Goal of the exercise:
Please keep the pictures out and write out exactly the lines from the first in the data below through the one containing "Nike Zoom Janoski", both included.

Available data:
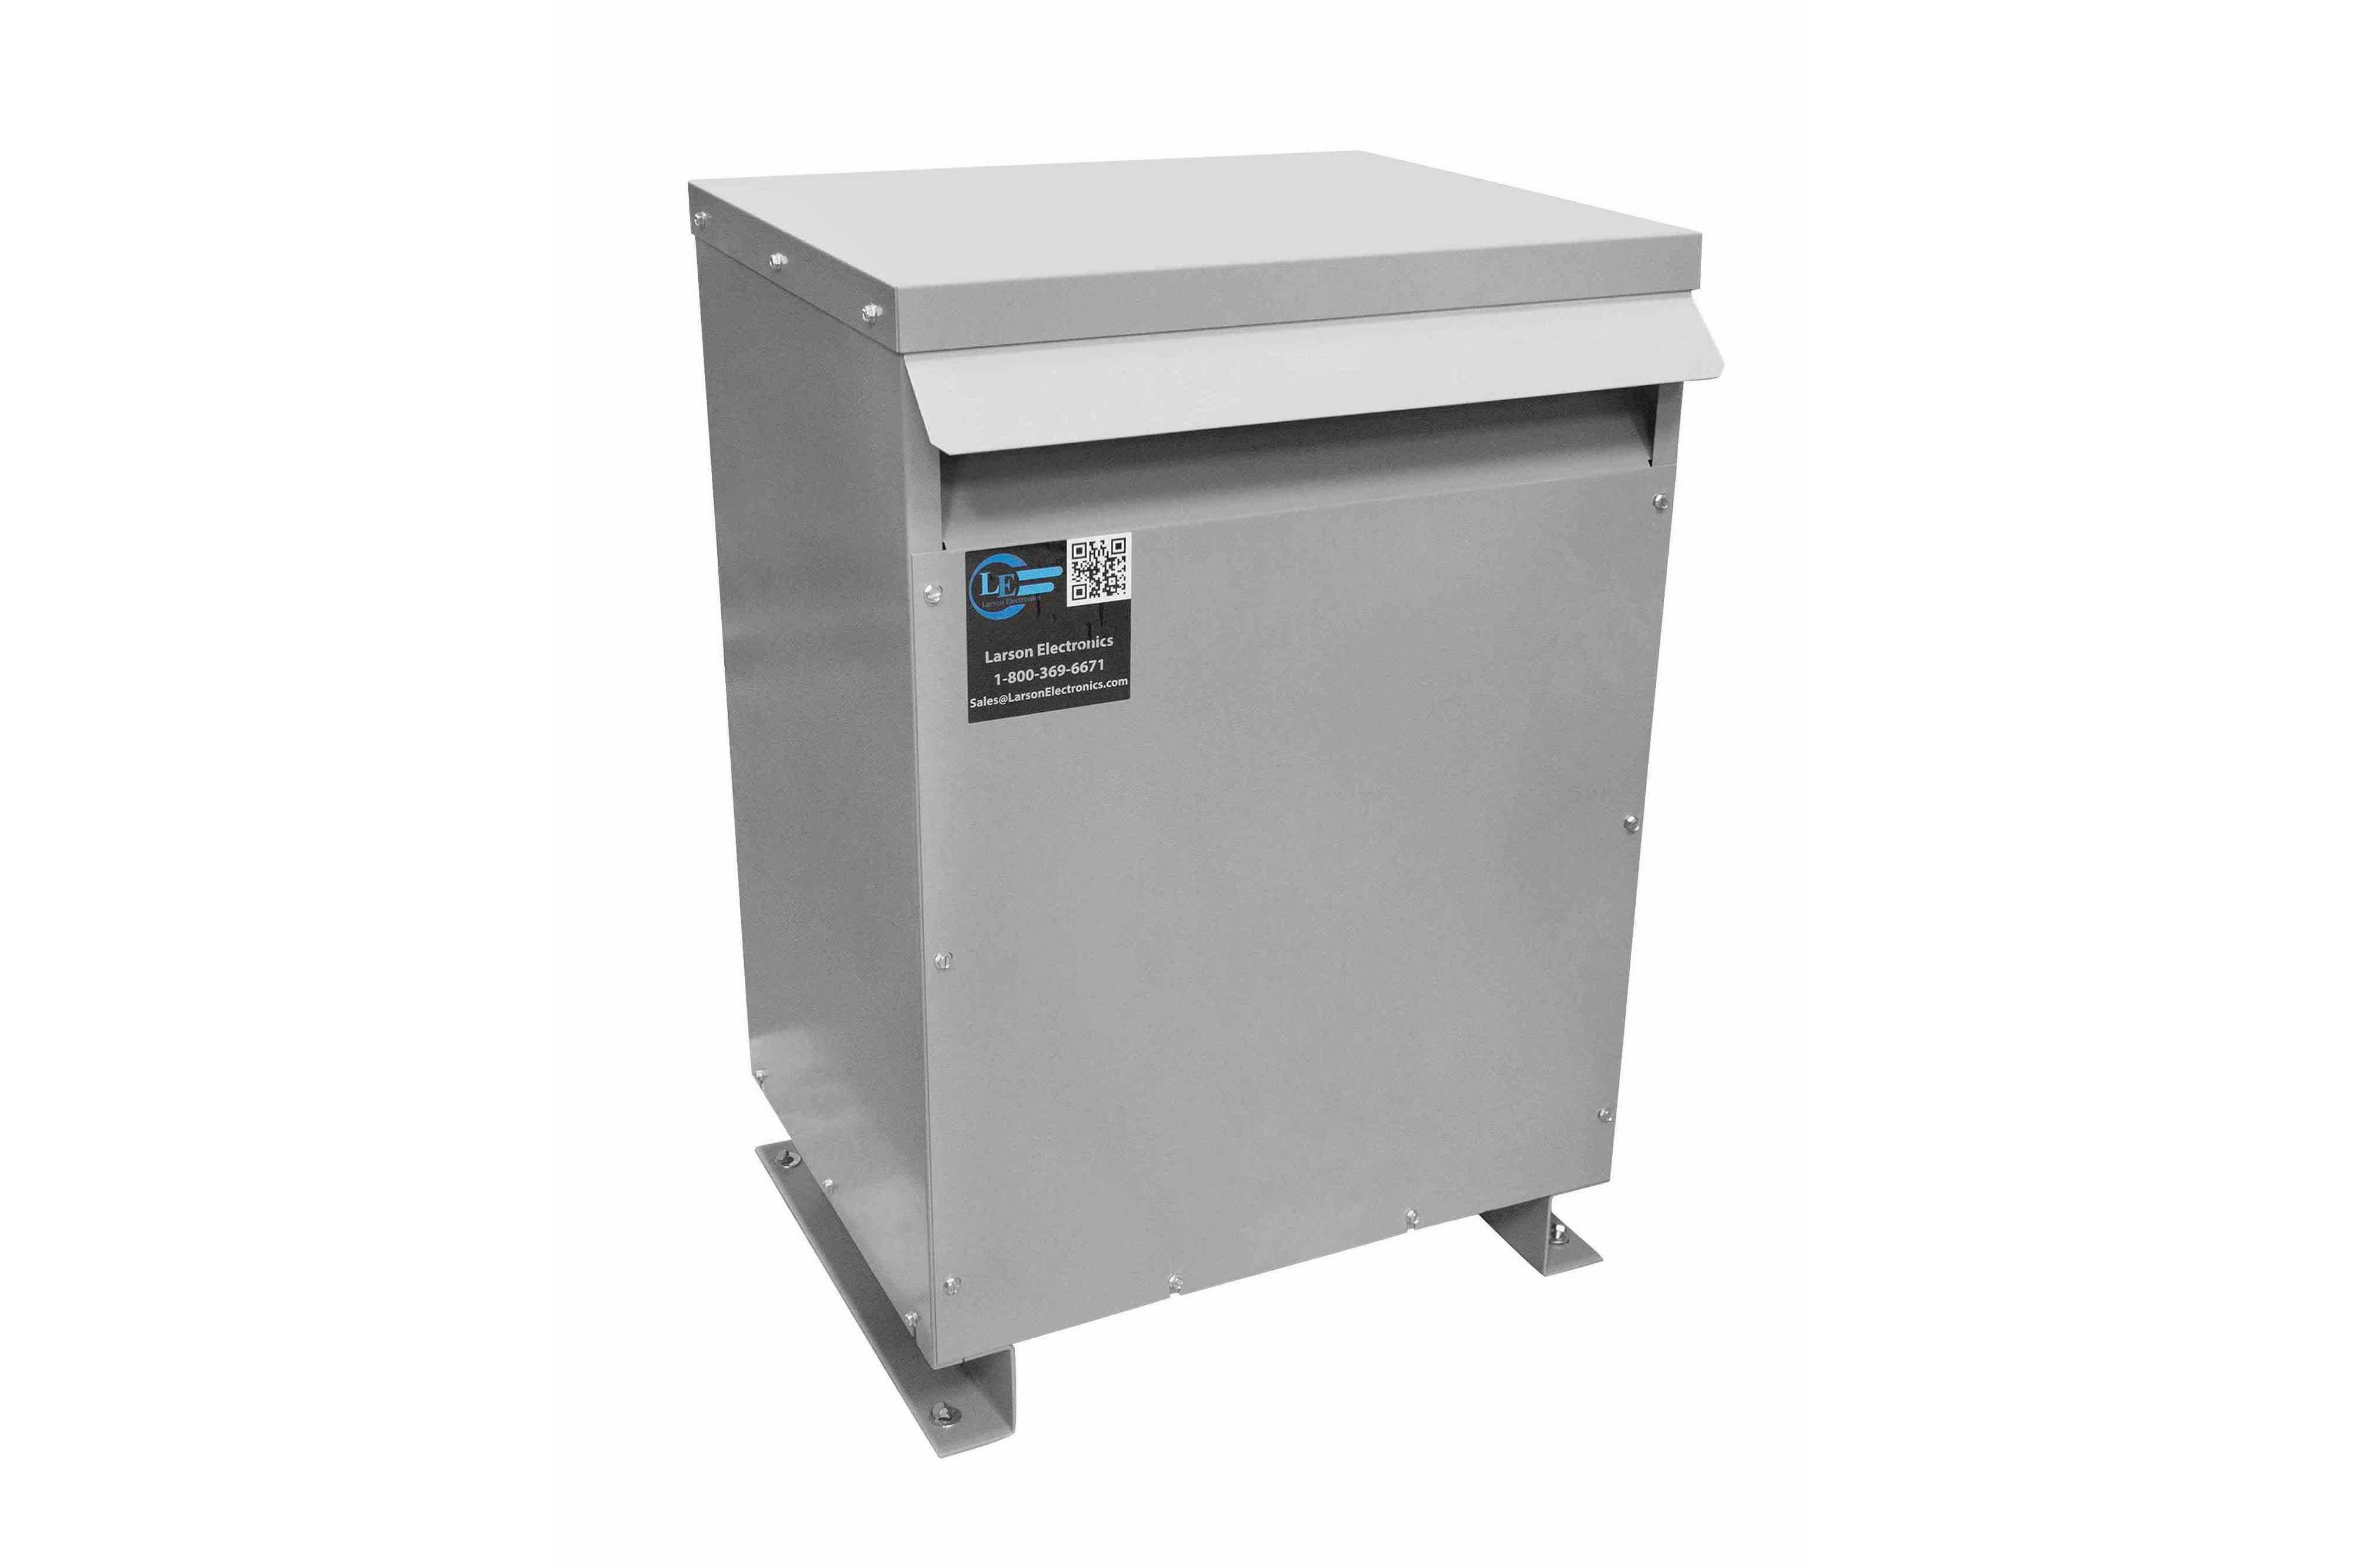 18 kVA 3PH Isolation Transformer, 575V Wye Primary, 208Y/120 Wye-N Secondary, N3R, Ventilated, 60 Hz
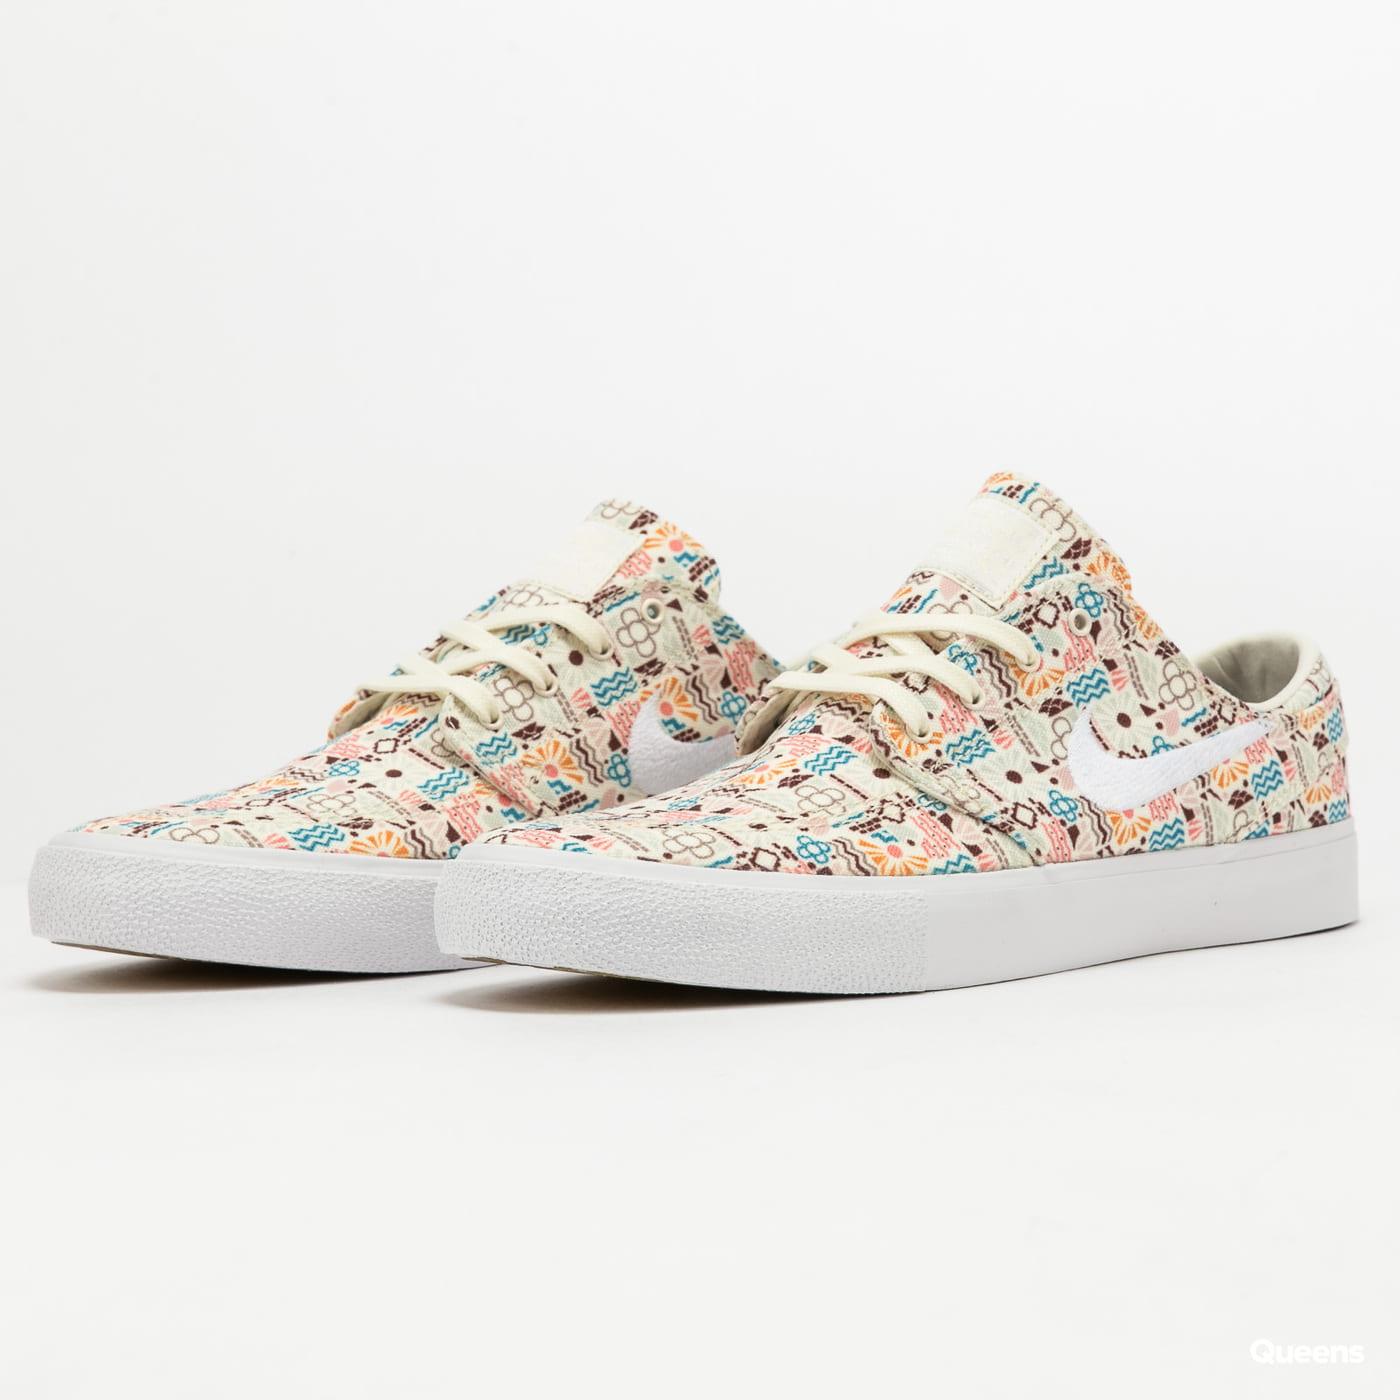 Nike Zoom Janoski Canvas RM Premium cashmere / white - cashmere - white
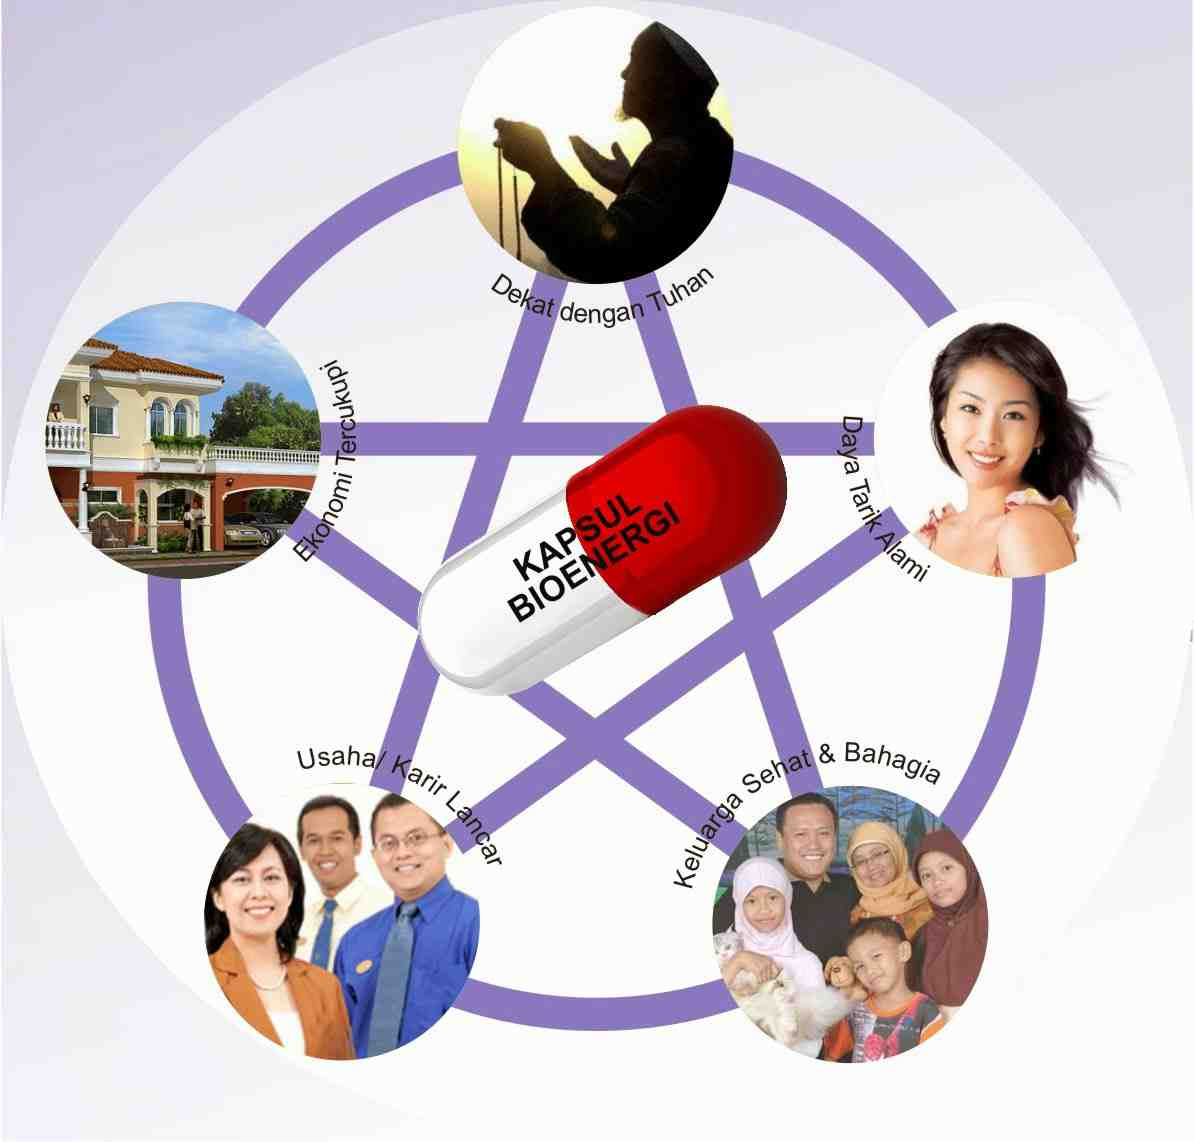 Solusi Masalah, Cara Menghadapi Masalah, Mengatasi Masalah, Solusi Rumah Tangga, bayar hutang

Your solution:
 18 kVA 3PH Isolation Transformer, 575V Wye Primary, 208Y/120 Wye-N Secondary, N3R, Ventilated, 60 Hz
 Nike Zoom Janoski Canvas RM Premium cashmere / white - cashmere - white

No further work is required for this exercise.